4. The Target's fiscal year end is December 31.
5. The Filer is a "reporting issuer" in the Provinces of British Columbia, Alberta and Ontario. The common shares of the Filer are listed for trading on the TSX Venture Exchange (the TSXV) under the symbol "BRTL".
6. Neither the Filer nor the Target are in default of securities legislation in any jurisdiction of Canada.
7. The Target has never been a "reporting issuer" in any jurisdiction of Canada and its common stock is not listed on any stock exchange or posted for trading on any quotation system.
8. Pursuant to a share purchase agreement dated September 8, 2020, the Filer, through a wholly-owned subsidiary, has agreed to purchase all of the issued and outstanding shares in the capital of the Target (the Acquisition). The Acquisition does not constitute a reverse-takeover transaction within the meaning of section 4.10 of National Instrument 51-102 Continuous Disclosure Obligations.
9. Upon completion of the Acquisition, the Target will be an indirect subsidiary of the Filer and the Filer will carry on the business of the Target.
10. The Acquisition will constitute a "change of business" as defined in Policy 5.2 -- Changes of Business and Reverse Takeovers of the TSXV.
11. The completion of the Acquisition is subject to, among other things, the approval of the TSXV, which is expected to include a requirement for shareholders of the Filer to approve the Acquisition.
12. In connection with the Acquisition, the Filer will file an information circular (the Information Circular) prepared pursuant to TSXV Form 3D1 Information Required in an Information Circular for a Reverse Take-Over or Change of Business (Form 3D1) with the TSXV and on SEDAR and will deliver it to shareholders of the Filer.

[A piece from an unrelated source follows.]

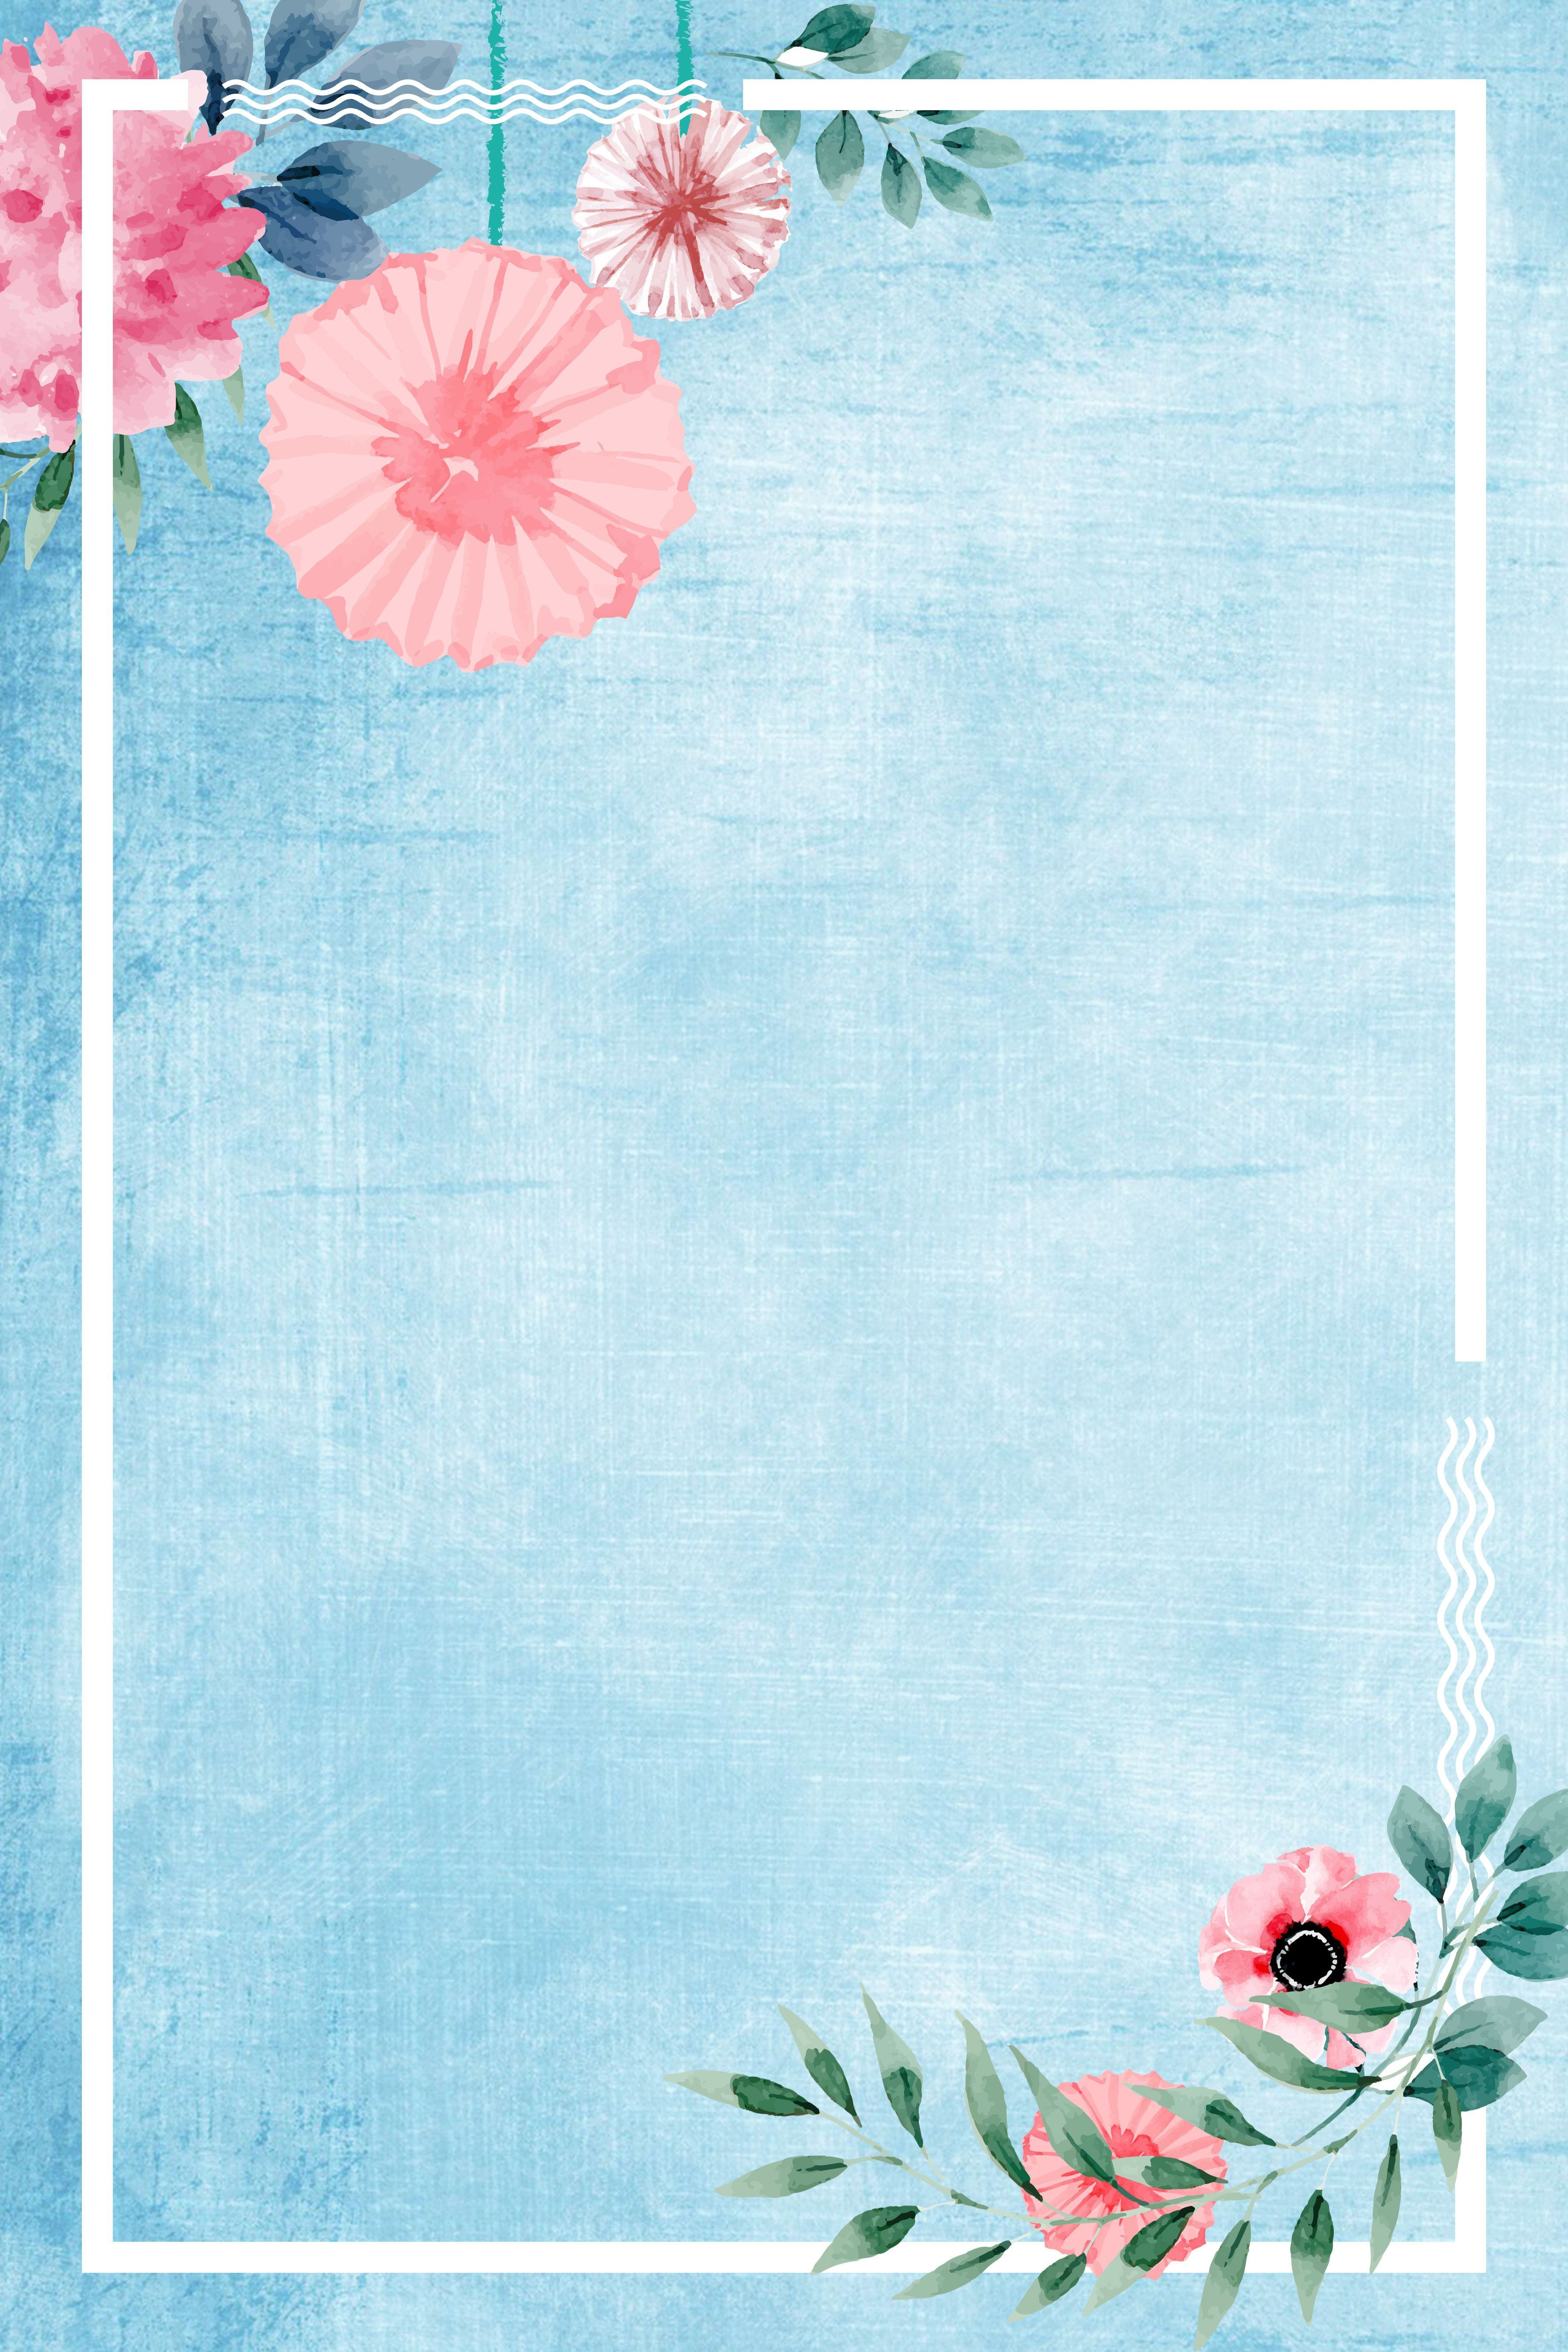 Letter Poster Background Flower Background Wallpaper Floral Poster Flower Backgrounds

13. Item 14.2 of Form 51-102F5 Information Circular (51-102F5) requires that the disclosure for the Target must be described in the form of prospectus that the Target would be eligible to use immediately prior to the sending and filing of the Information Circular.
14. The applicable form of prospectus for the Target is Form 41-101F1 Information Required in a Prospectus.
15. The Information Circular will include (i) the audited statement of financial position as at January 1, 2018 (ii) audited annual financial statements for the Target as at December 31, 2019 and December 31, 2018 and for the years then ended, and (ii) reviewed interim financial statements for the Target for the three and nine month periods ended September 30, 2020.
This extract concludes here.